FROM "wikiticker-2015-09-12-sampled"
WHERE (page in ('Jeremy Corbyn'))
GROUP BY 1, 3
ORDER BY 1 DESC

In your case it seems to be a Grafana query. You can use:

SELECT
  __time as "time",
  DS_GET_QUANTILE( DS_QUANTILES_SKETCH(sla), 0.9) as "metric",
  name as "service"
FROM SYTESTER_DRUID
-- WHERE "name" IN (select case when '${service}' = 'Show All' then name else '${service}' end from SYTESTER_DRUID)
-- where name in (${service:sqlstring})
WHERE ('${service}' = 'Show All' OR name in (${service:sqlstring}))
AND __time >= MILLIS_TO_TIMESTAMP(${__from}) AND __time <= MILLIS_TO_TIMESTAMP(${__to})
GROUP BY __time, name

Unless you’ve done this at ingestion time, you’ll likely want to transform __time in the query to the minimum time granularity that you want using a TIME_FLOOR or TIME_CEIL function.

You might also want to do this at ingestion time, in that case you could do something like:

REPLACE INTO targetTable OVERWRITE ALL
SELECT
  __time as "time", -- use TIME_FLOOR to aggregate by time bucket at ingestion
  name as "service",
 DS_QUANTILES_SKETCH(sla) as "metricQS"
FROM EXTERN ... etc
GROUP BY 1,2

This will ingest the data and store the sketch without resolving it, allowing for further aggregation at query time across the dimensions you ingest.
You will need to set the query context parameter finalizeAggregations: false in order to make the planner store the internal form of the sketches at ingestion.

Thanks for answer @Sergio_Ferragut!
You’re right, I’ve made a mistake in sql query. But it’s not what I’ve asked.
There’re 3 columns of numeric type: rnd as long, status as long, sla as double in my data table. And when I setup rollup grouping is happened by these 3 columns.
Data before rollup:

Data after rollup:

Hence I get aggregated “sla” column as “sum_sla”. I gues, it won’t be right way to use “sum_sla” in query like DS_GET_QUANTILE(DS_QUANTILES_SKETCH(sum_sla), 0.9). Also I tried to create extra metric column “max_sla” or “min_sla” on base of sla as well. But I thought it’s not right way to calculate quantile too.
Please, could you explain how to calculate quantile with rollup enabled?

Yes @nik, you are correct.
At ingestion when doing rollup you can add a metric using the quantilesDoubleSketch aggregation. You can do this by adding a metric on Load Data/Configure Schema view when building a spec from the Druid Console:

The new metric column will be stored as a sketch and it can be used in further aggregation queries such as:

Some more docs on the subject.

Let us know how it goes.

@Sergio_Ferragut, thanks for help!
quantilesDoubleSketch works very well for me.

@@Sergio_Ferragut, may you explain why does not exist mean or avg aggregate function like max, min, sum for rolled up data?
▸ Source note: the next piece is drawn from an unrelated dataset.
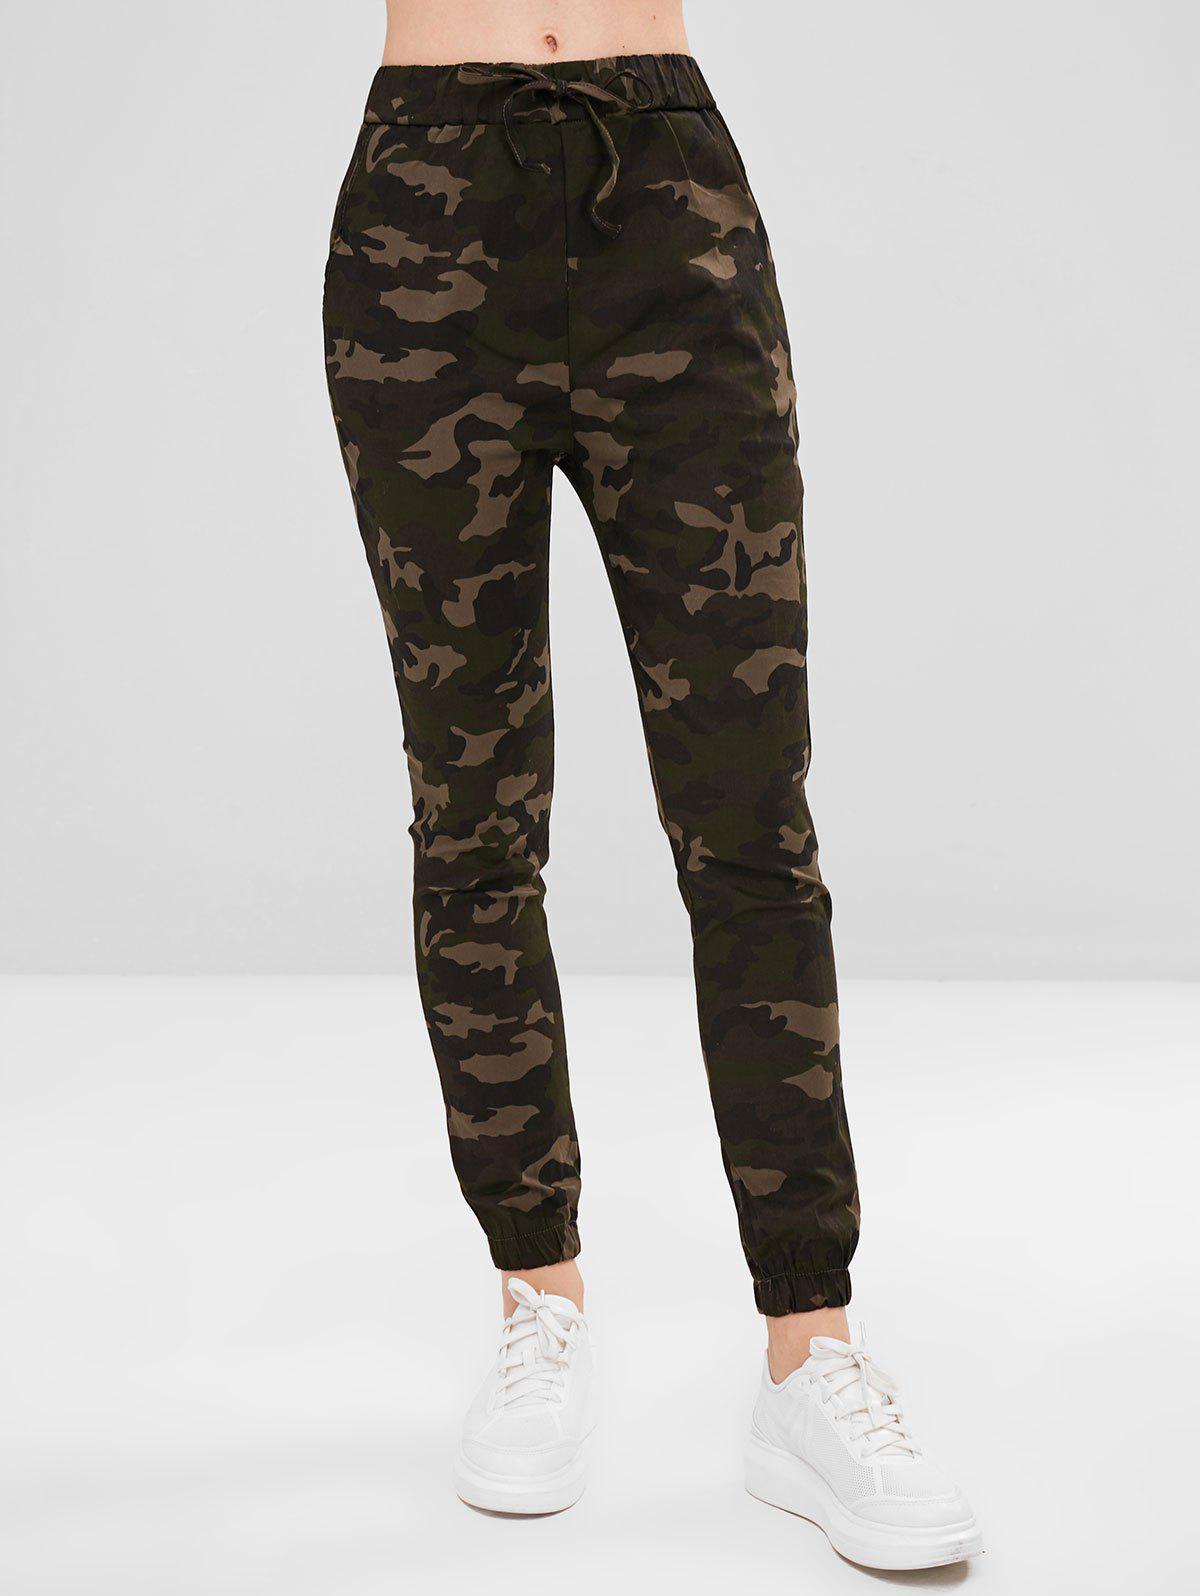 Drawstring Jogger Camouflage Pants, Woodland camouflage

Sure. Since rollup requires a state of the calculation that can be further rolled up. With mean or average, if we store the average during ingestion rollup, we would then calculate an average of averages when querying that data.

Instead the recommendation is to use SUM(metric) and COUNT at rollup and calculate the average using SUM( metricSum) / SUM ( metricCount) to obtain accurate averages while aggregating on other dimensions at query time.

@Sergio_Ferragut, thanks!